Scalable Decentralized Algorithms for Online Personalized Mean Estimation
This work addresses scalability in collaborative learning for agents with differing data distributions, though it is incremental as it simplifies the broader problem to mean estimation.
The paper tackles the problem of scalable decentralized online personalized mean estimation for agents with insufficient local data, proposing two algorithms with complexities O(r|A|log|A|) and O(r|A|) that achieve asymptotically optimal estimates under certain conditions.
In numerous settings, agents lack sufficient data to directly learn a model. Collaborating with other agents may help, but it introduces a bias-variance trade-off, when local data distributions differ.
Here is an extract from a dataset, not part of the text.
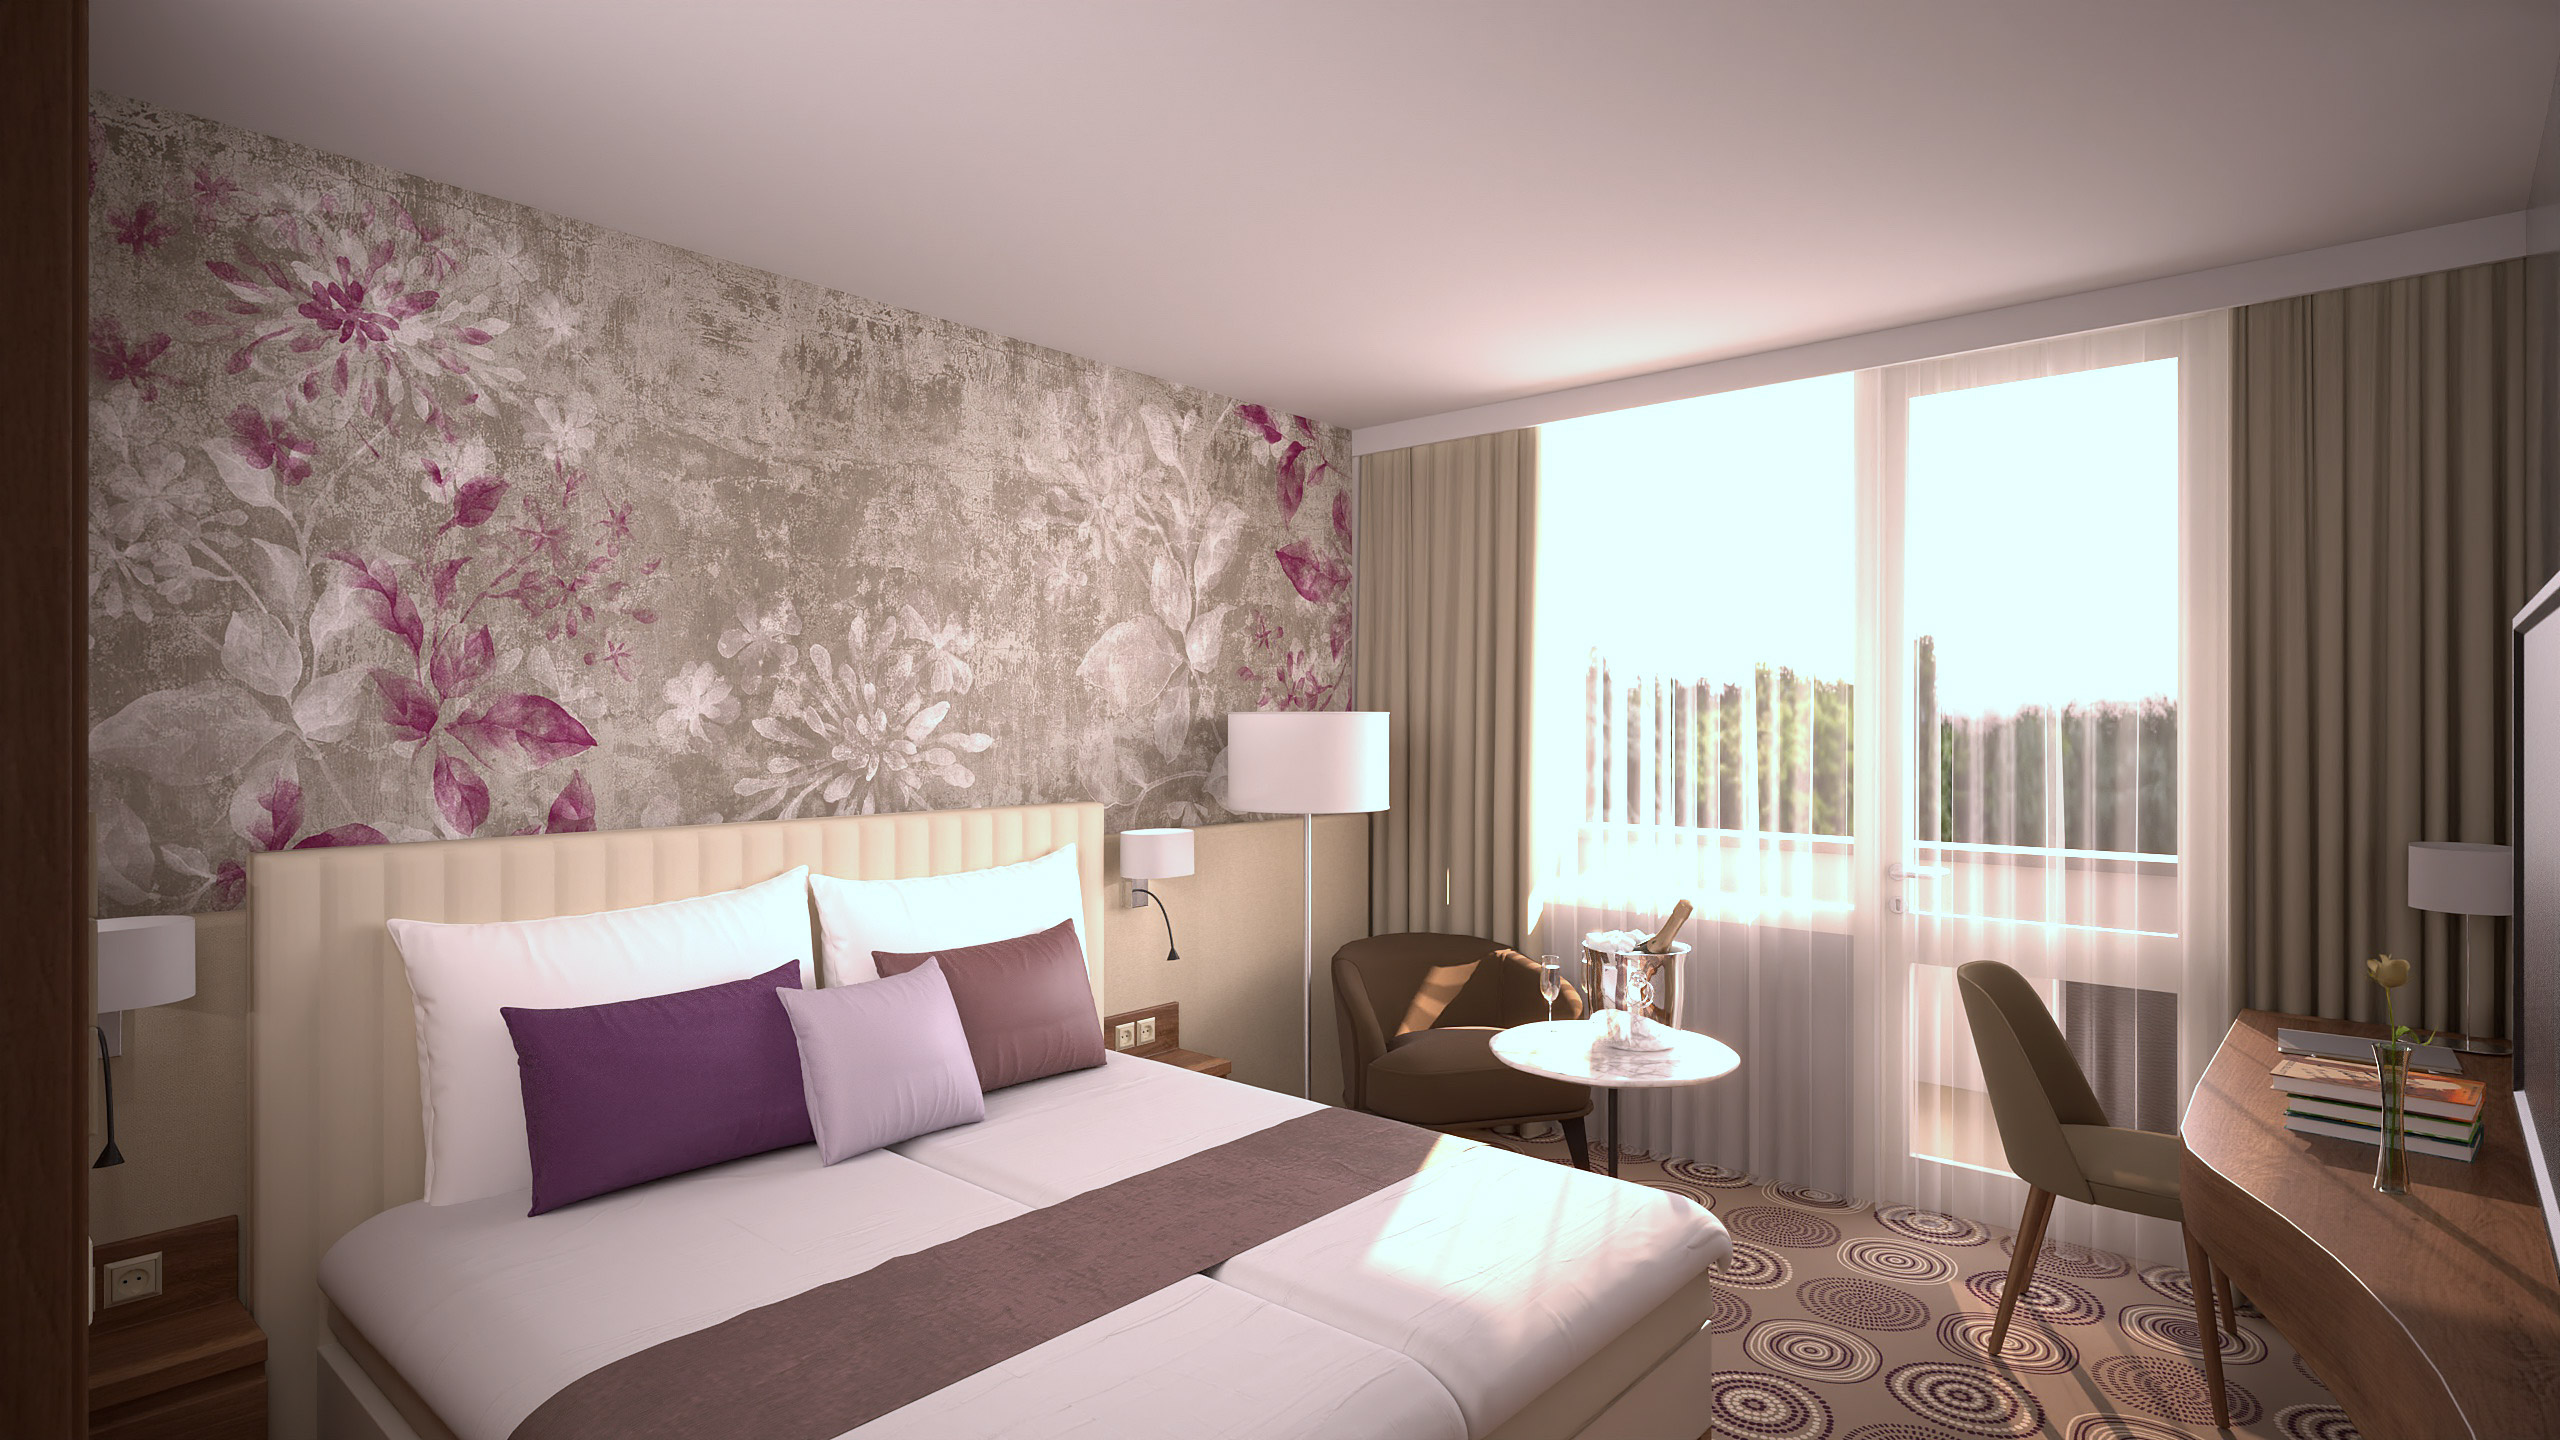 NaturMed Hotel Carbona Deluxe szoba
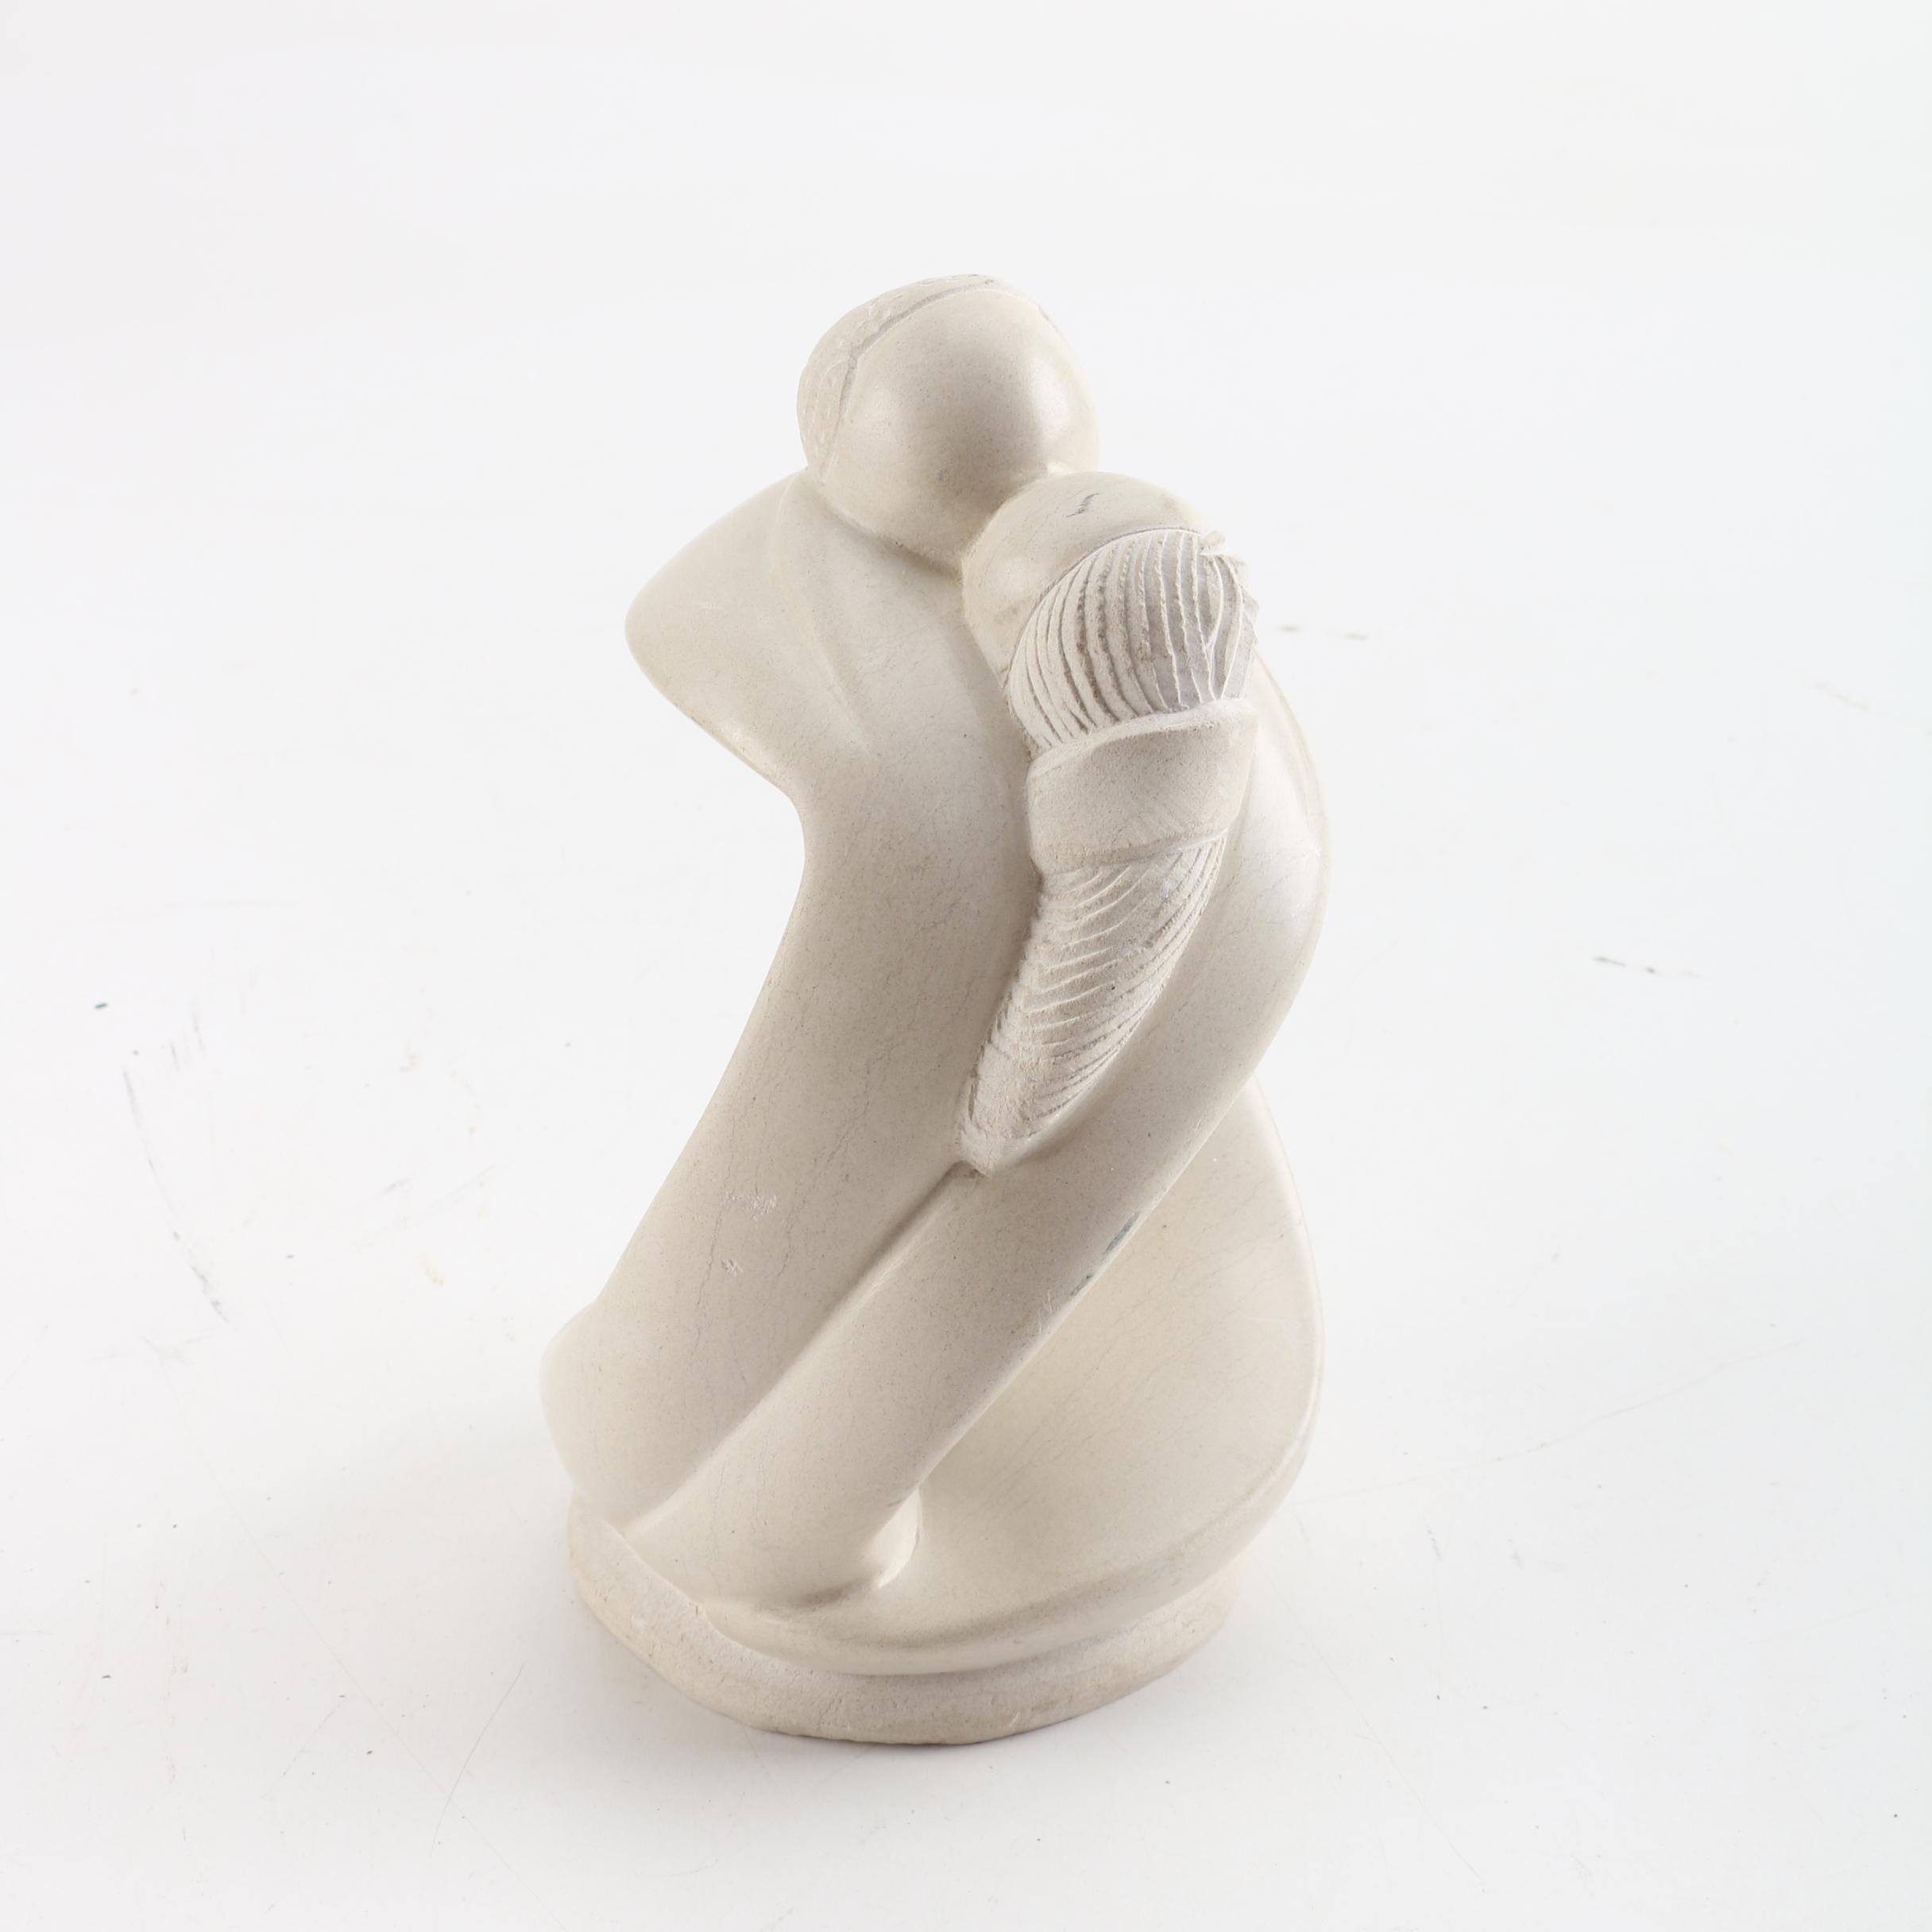 Carved Modernistic Soapstone Figurine

A key challenge is for each agent to identify clients with similar distributions while learning the model, a problem that remains largely unresolved. This study focuses on a simplified version of the overarching problem, where each agent collects samples from a real-valued distribution over time to estimate its mean. Existing algorithms face impractical space and time complexities (quadratic in the number of agents A). To address scalability challenges, we propose a framework where agents self-organize into a graph, allowing each agent to communicate with only a selected number of peers r. We introduce two collaborative mean estimation algorithms: one draws inspiration from belief propagation, while the other employs a consensus-based approach, with complexity of O( r |A| log |A|) and O(r |A|), respectively. We establish conditions under which both algorithms yield asymptotically optimal estimates and offer a theoretical characterization of their performance.